→ **TASK OBJECTIVE**
Set down exactly the lines running from the one with "Design Pickle vs DarkRoast [2021 UPDATE]" to the last line of the listing below, both included, and skip every picture.

→ **DATA SEGMENT**
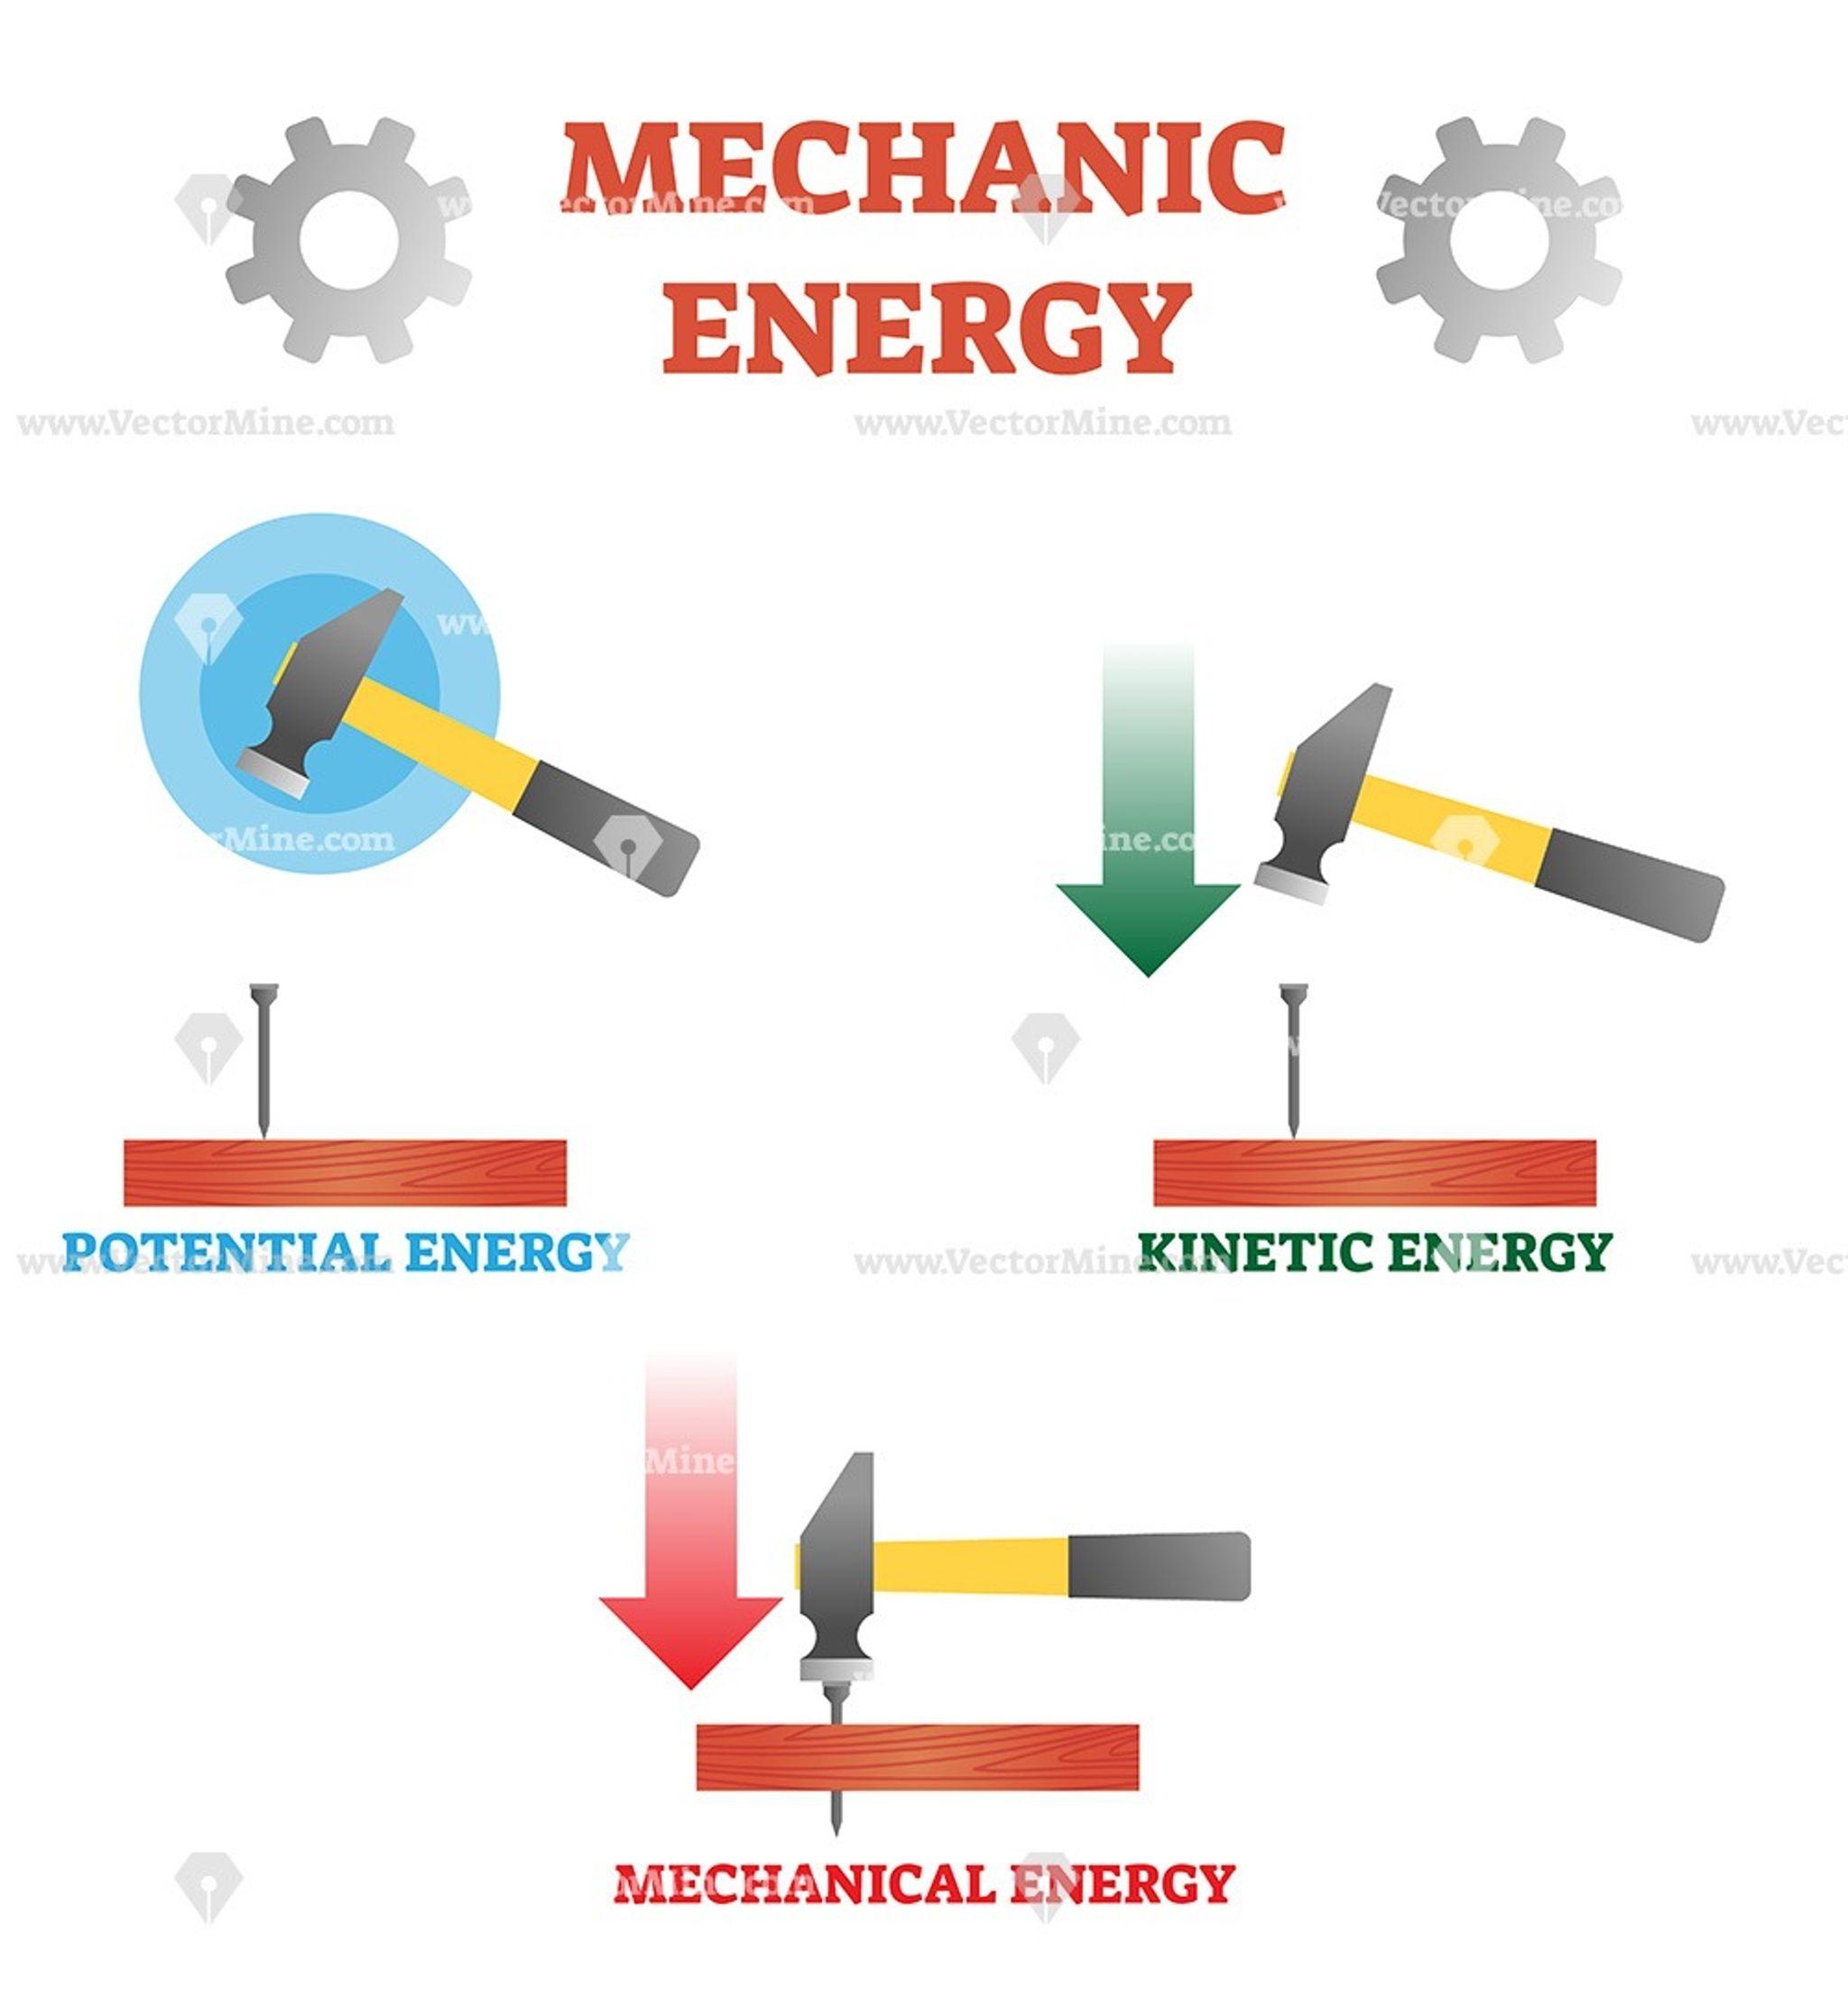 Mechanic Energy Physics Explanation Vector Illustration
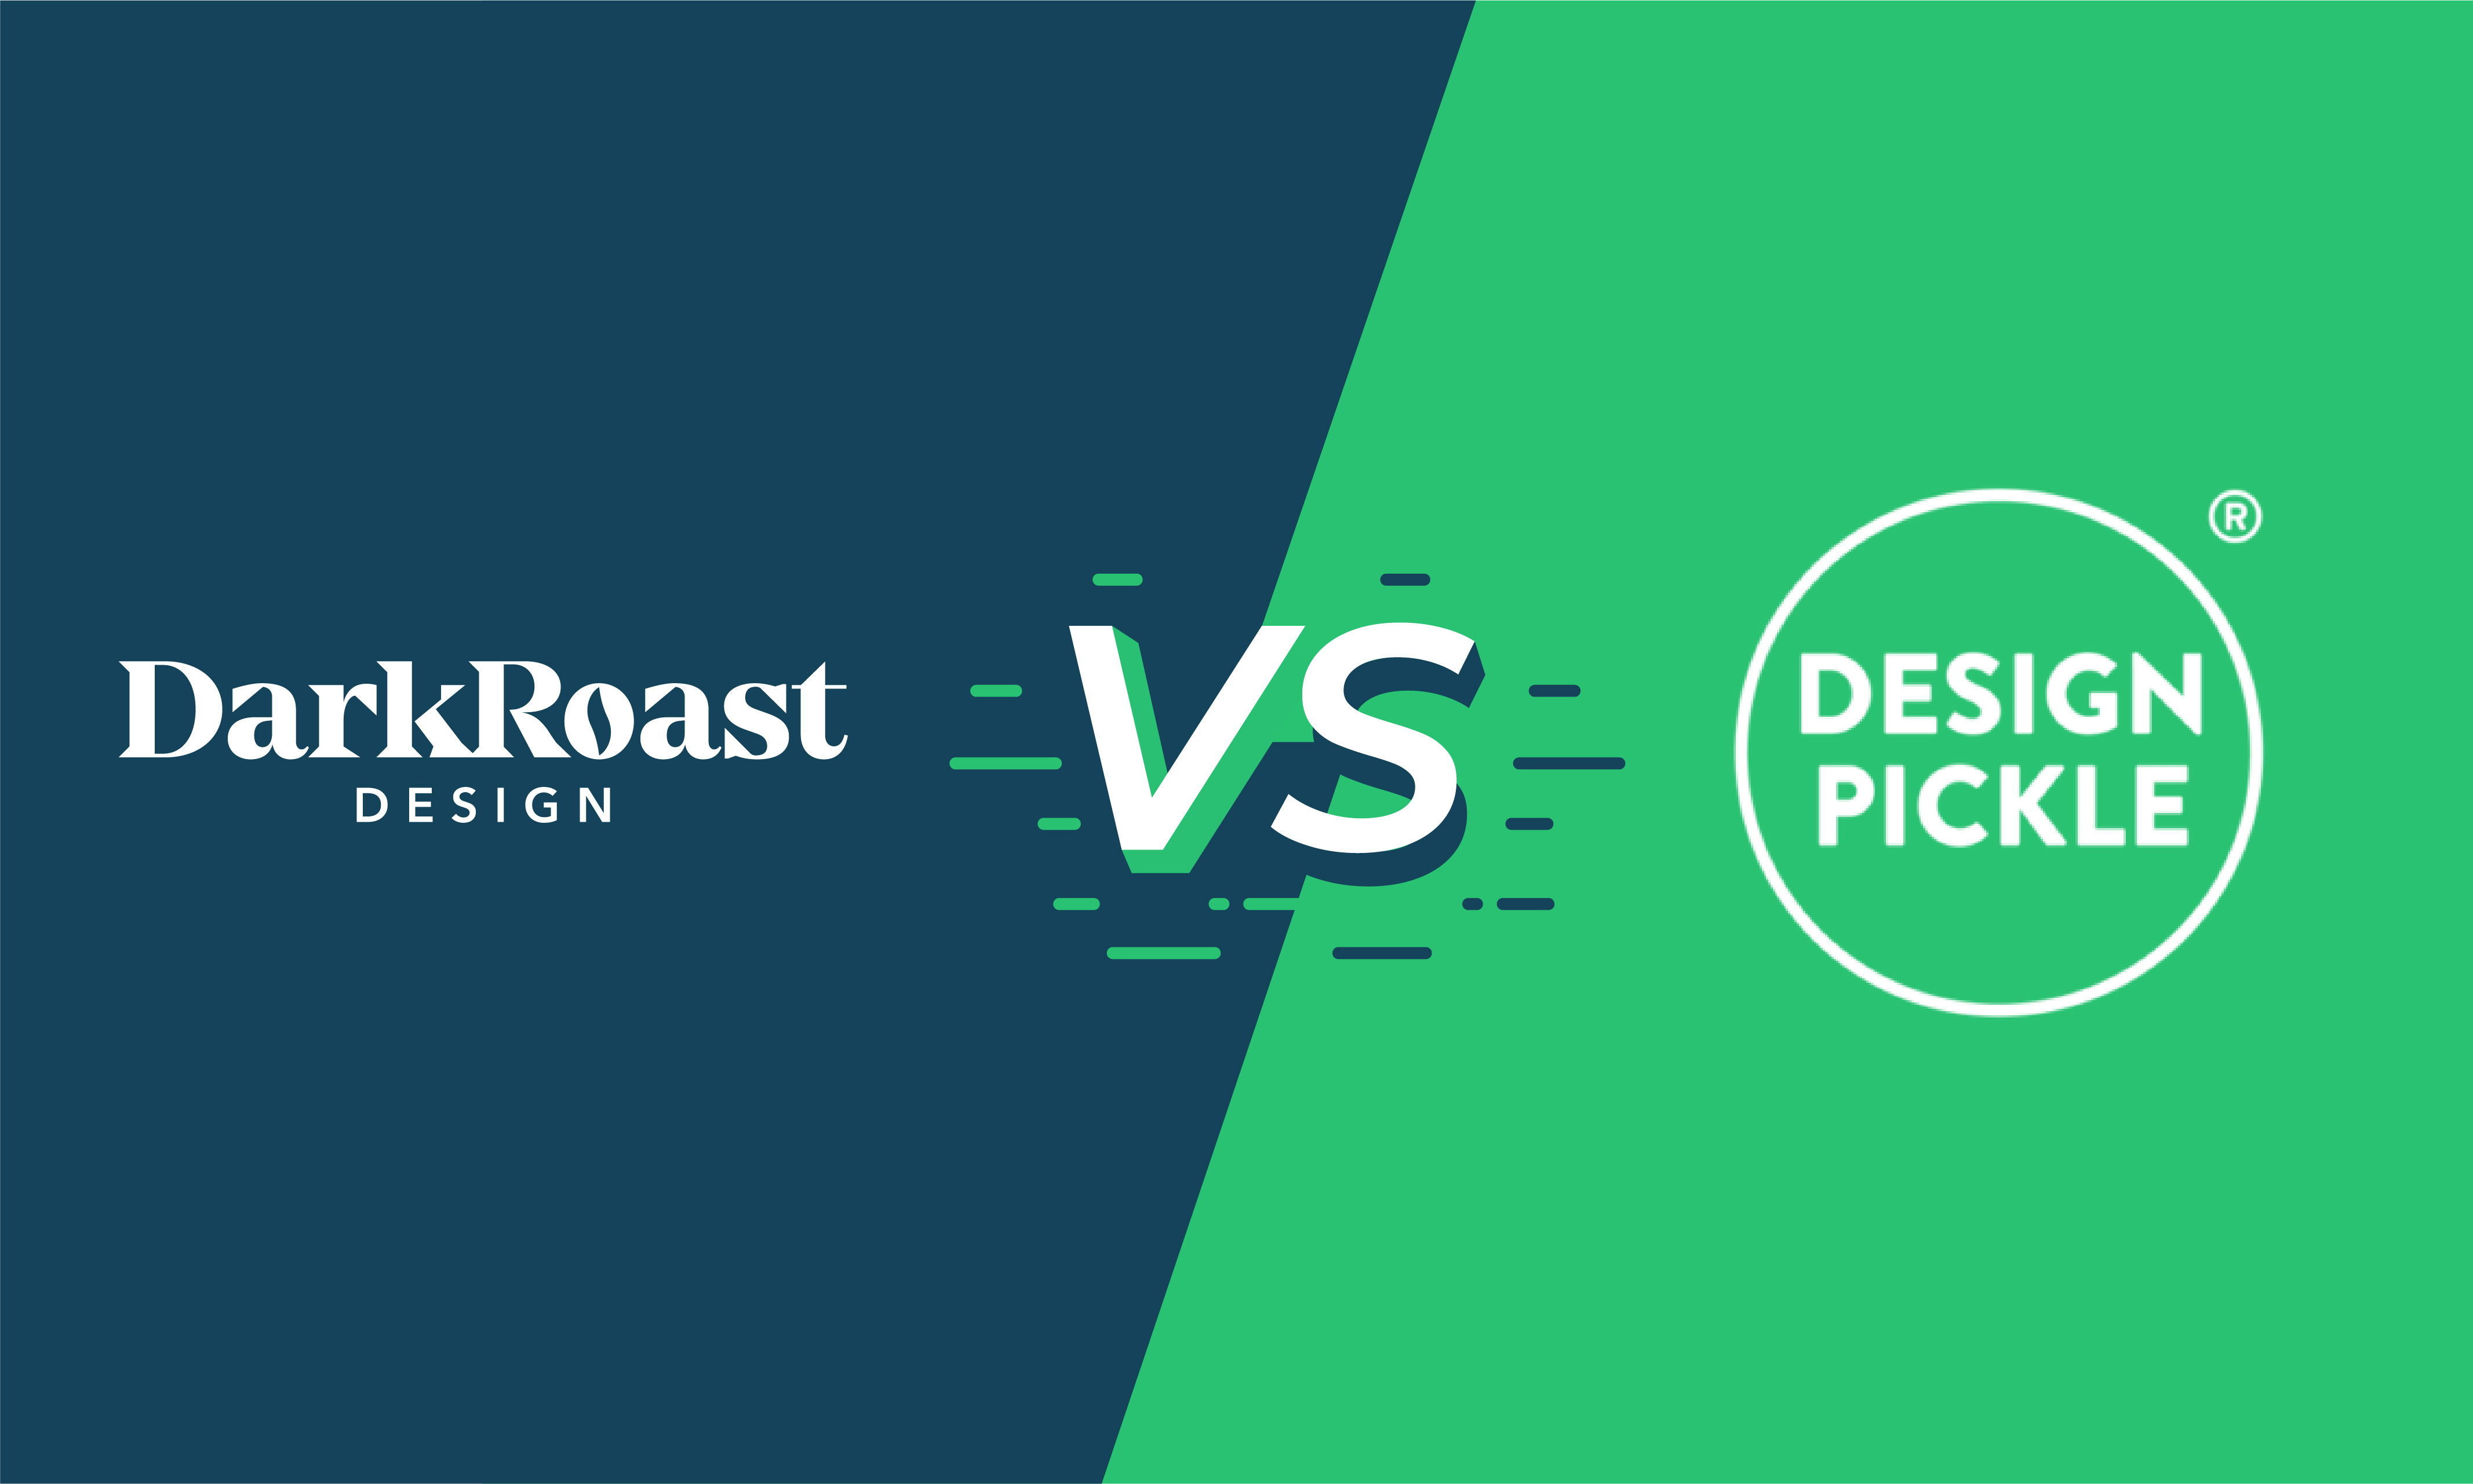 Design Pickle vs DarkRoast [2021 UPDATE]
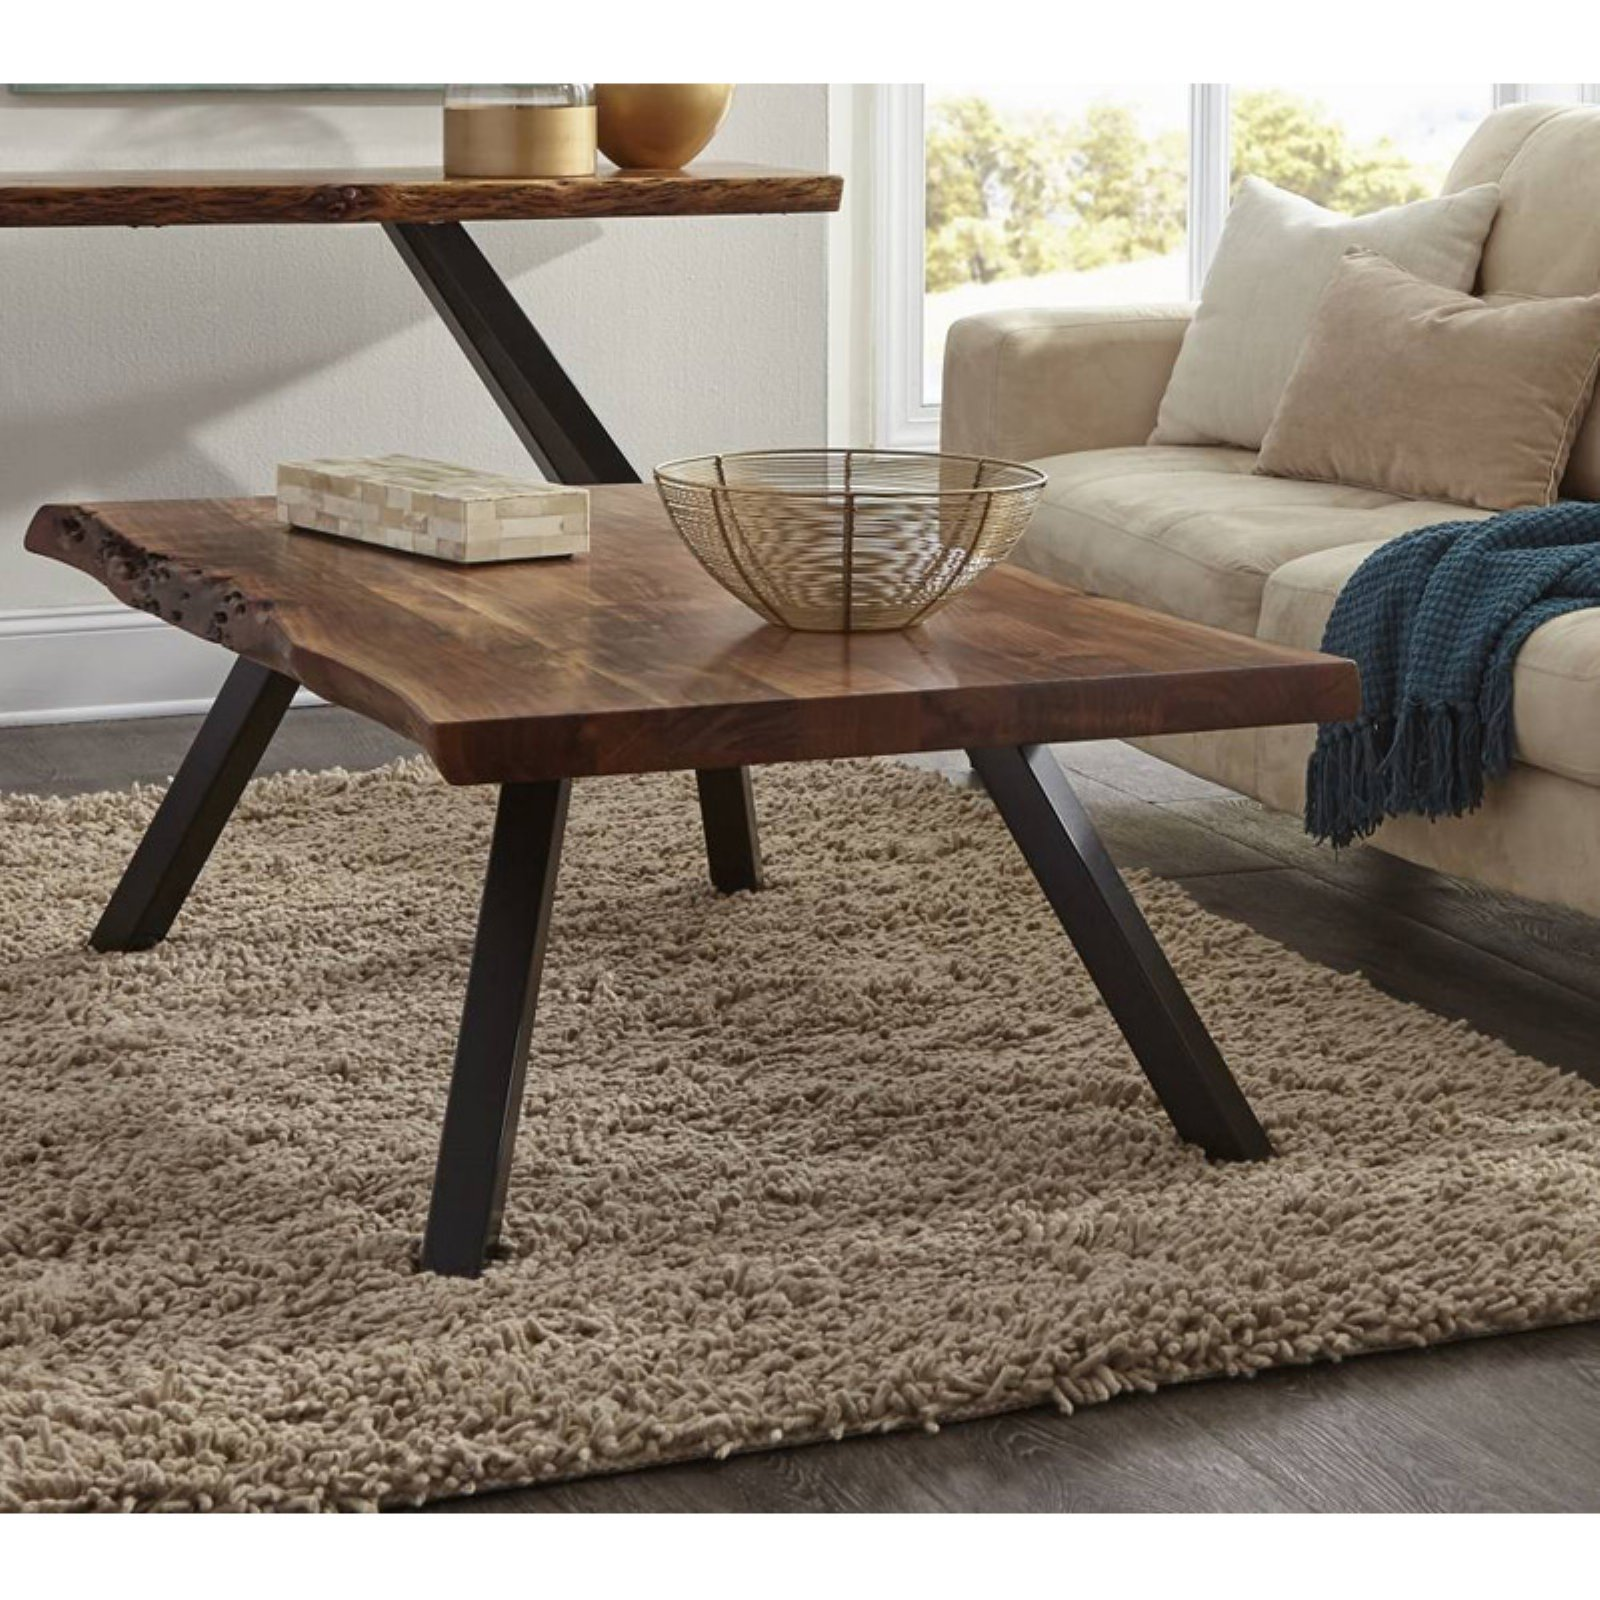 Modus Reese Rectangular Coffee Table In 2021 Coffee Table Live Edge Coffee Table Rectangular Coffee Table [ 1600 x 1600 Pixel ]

→ **RESPONSE FOR THIS EXERCISE**
 Design Pickle vs DarkRoast [2021 UPDATE]
 Modus Reese Rectangular Coffee Table In 2021 Coffee Table Live Edge Coffee Table Rectangular Coffee Table [ 1600 x 1600 Pixel ]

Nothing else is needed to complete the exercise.